▶ **GOAL OF THE EXERCISE**
Copy each line of the data below exactly, leaving out pictures.

═══ DATA SECTION ═══

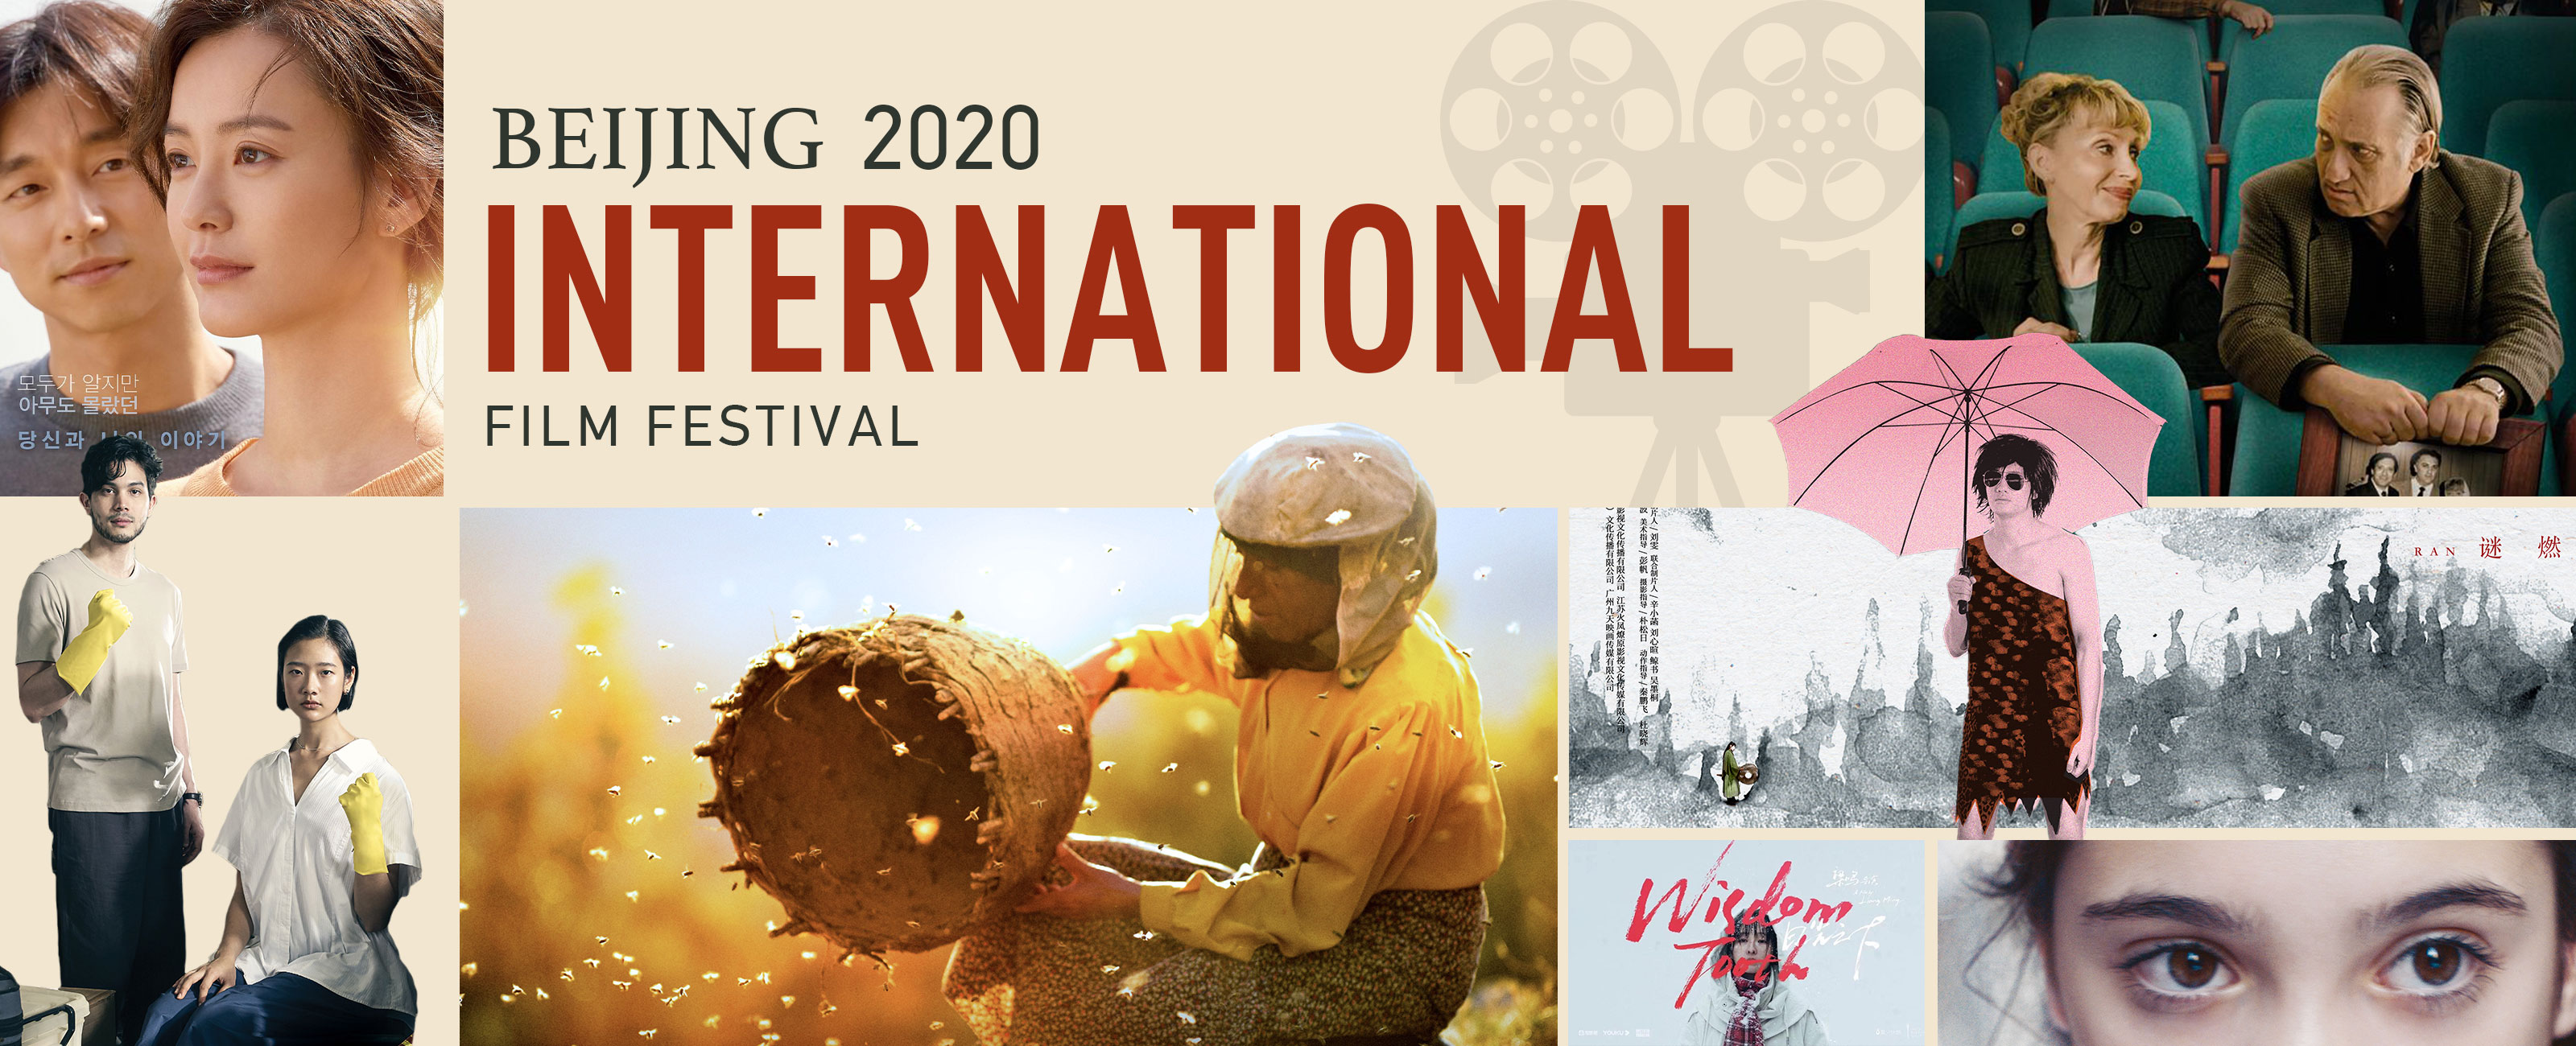 Beijing 2020 International Film Festival
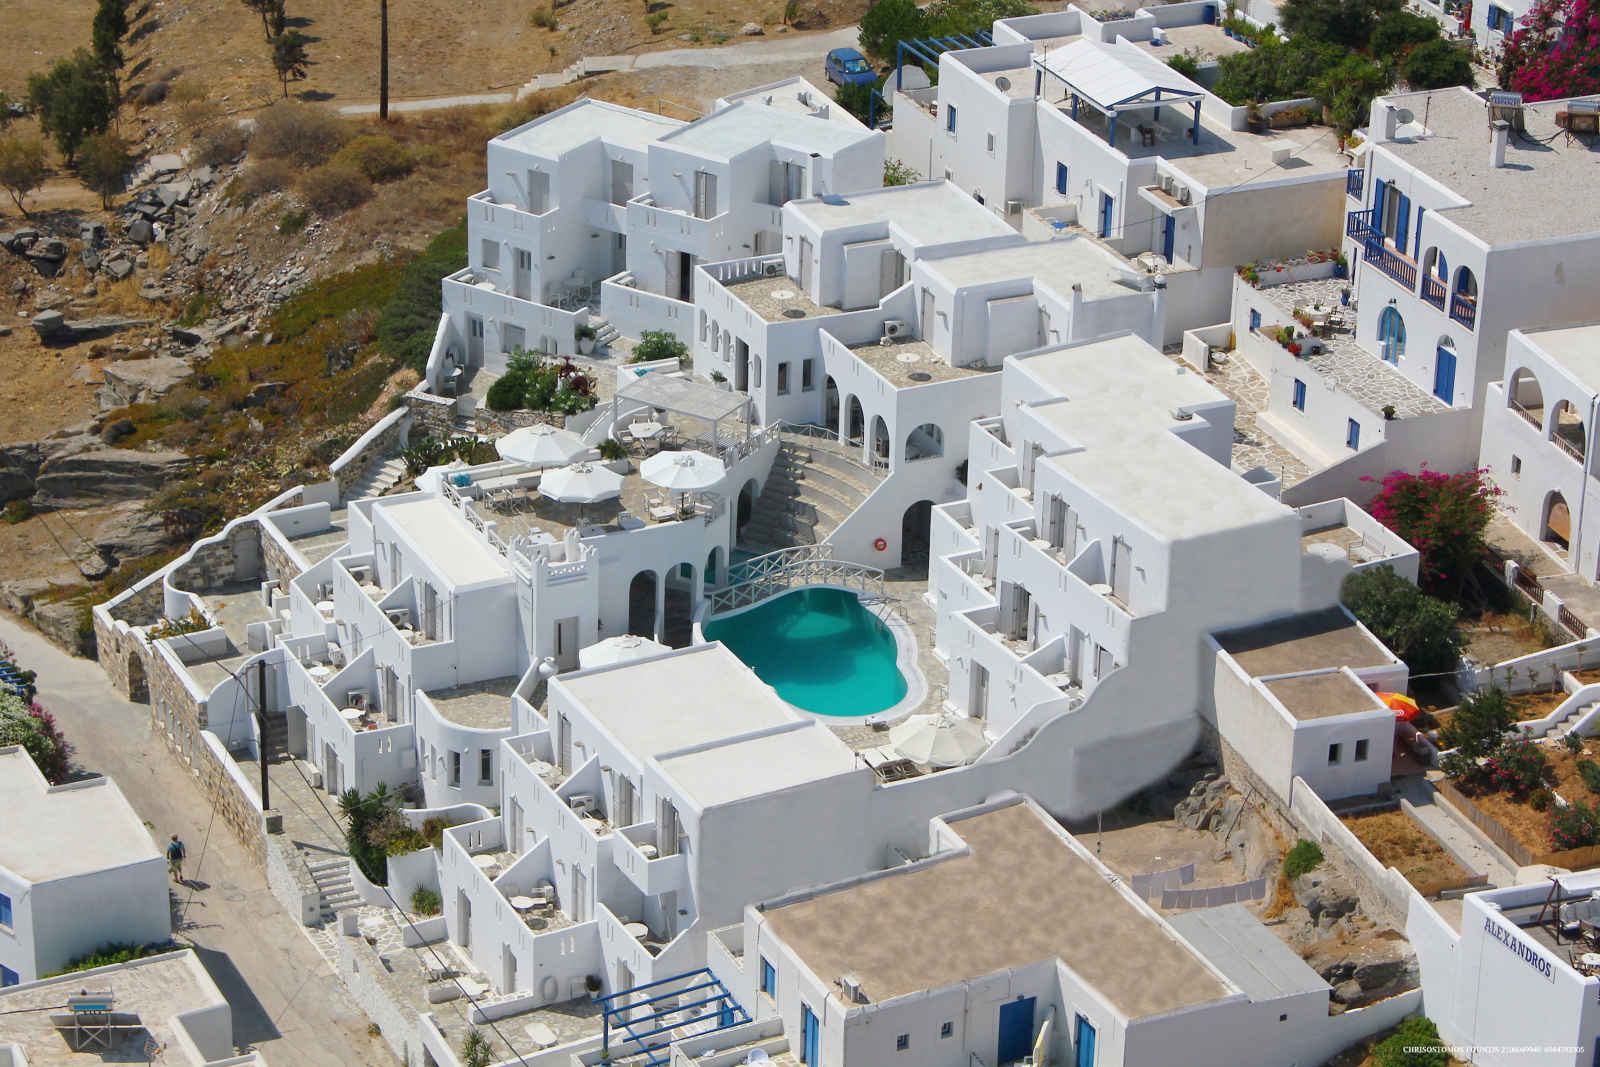 Grèce - Iles grecques - Les Cyclades - Paros - Hôtel Kanale's Rooms & Suites 4*
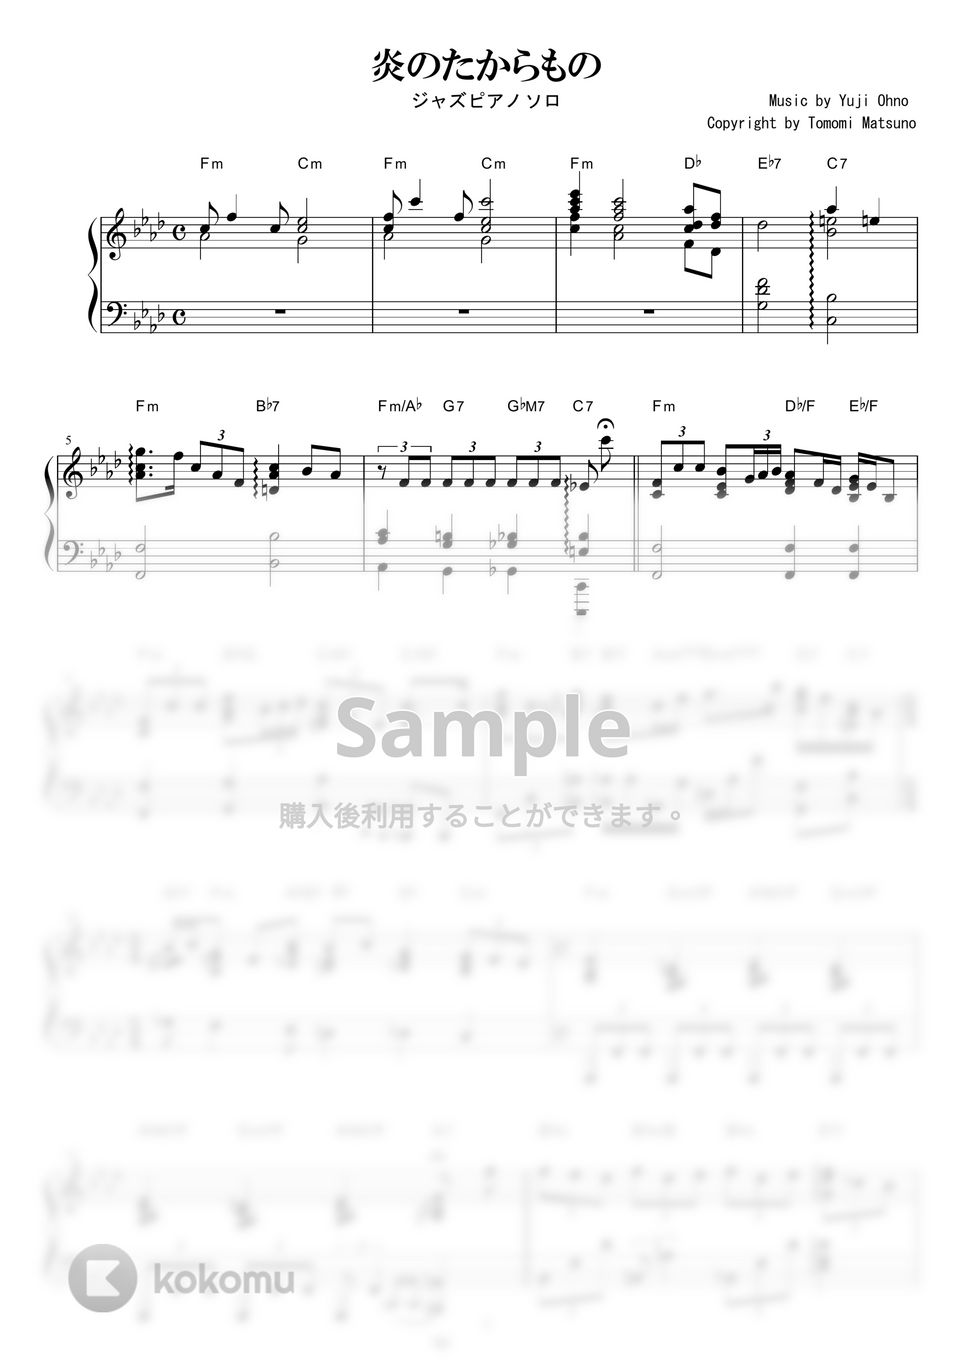 ルパン三世 - 炎のたからもの (Jazz ver.) by piano*score

═══

▶ **EXERCISE ANSWER**
 Beijing 2020 International Film Festival
 Grèce - Iles grecques - Les Cyclades - Paros - Hôtel Kanale's Rooms & Suites 4*
 ルパン三世 - 炎のたからもの (Jazz ver.) by piano*score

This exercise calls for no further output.